La phase de conversation : durant cette phase, une conversation entre les membres de

l’équipe de négociation se déroule, au cours de laquelle des propositions de modifications sont échangées. Les négociateurs collaborent soit en proposant des alternatives de solutions qui répondent au conflit détecté, soit en appuyant une alternative proposée par un autre négociateur. Nous attribuons le rôle de collaborateur aux acteurs qui participent à cette conversation. Cependant, certains acteurs peuvent rencontrer des problèmes avec les alternatives de solutions proposées par les collaborateurs, et émettre des contre-propositions. Ces acteurs sont identifiés dans le processus de négociation comme étant des

référents. Ces derniers ne sont pas tenus de joindre des solutions aux contre-propositions.

La phase de décision finale : cette phase aboutit à une solution au conflit détecté par

l’initiateur. Suite à la phase de conversation, soit un consensus est atteint par l’ensemble des membres de l’équipe de négociation, soit une solution est votée. Cette action est menée par les approbateurs. Les approbateurs sont tous les négociateurs qui ont participé à la proposition des alternatives de solutions pour résoudre le conflit.

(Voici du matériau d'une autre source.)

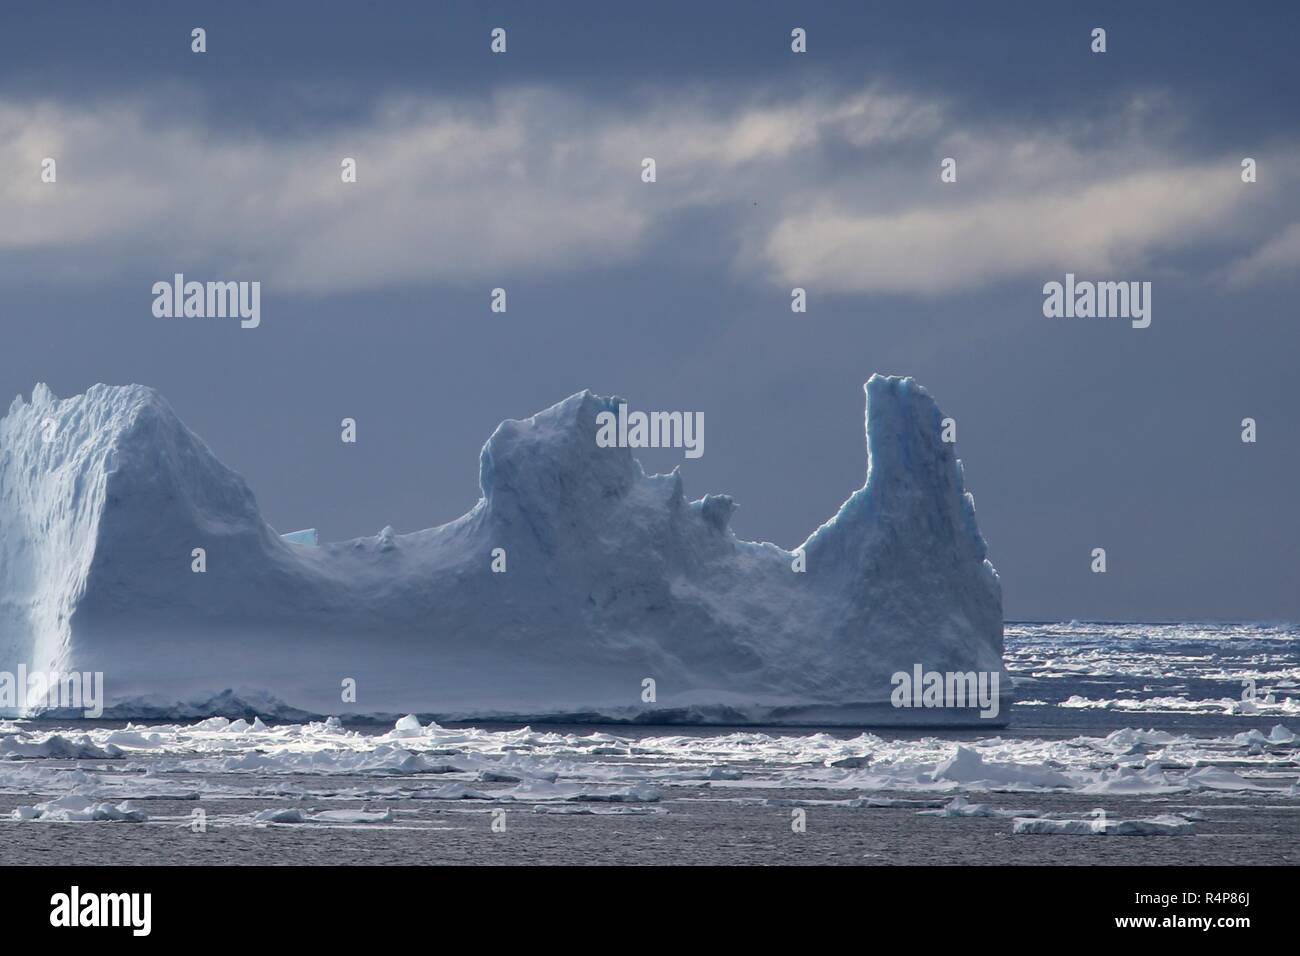 (181128) -- ABOARD XUELONG, Nov. 28, 2018 (Xinhua) -- Photo taken on Nov. 27, 2018 shows iceberg seen from China's research icebreaker Xuelong in a floating ice area in Southern Ocean. China's research icebreaker Xuelong has entered a floating ice area in the Southern Ocean to avoid a cyclone. It is scheduled to reach the Zhongshan Station in Antarctica on Nov. 30. Also known as the Snow Dragon, the icebreaker carrying a research team set sail from Shanghai on Nov. 2, beginning the country's 35th Antarctic expedition which will last 162 days and cover 37,000 nautical miles (68,500 km). (Xinhua Stock Photo

Aux différents rôles identifiés ci-dessus, nous rajoutons un dernier rôle qui s’avère nécessaire pour bien mener un processus de négociation : le responsable du processus de gestion de

conflits. Selon (Zigurs 2003 ; Carte et al. 2006), il est important d’avoir un responsable pour permettre à l’équipe de négociation d’avancer et de progresser. Ce rôle doit être affecté à un membre de l’équipe de négociation, c’est-à-dire un négociateur qui participe à la résolution de conflits. Il s’agit de superviser les différentes phases du processus de gestion de conflits. Par ailleurs, le responsable du processus de gestion de conflits peut clôturer la négociation en imposant une solution en consultant des experts externes qui n’ont pas participé à la résolution du conflit.

Nous notons qu’un même négociateur peut jouer différent rôles selon l’évolution de la négociation. Un initiateur peut avoir le rôle d’un collaborateur (lorsqu’il propose une solution au problème traité) ou d’un référent (lorsqu’il refuse une solution proposée par un autre membre de l’équipe de négociation).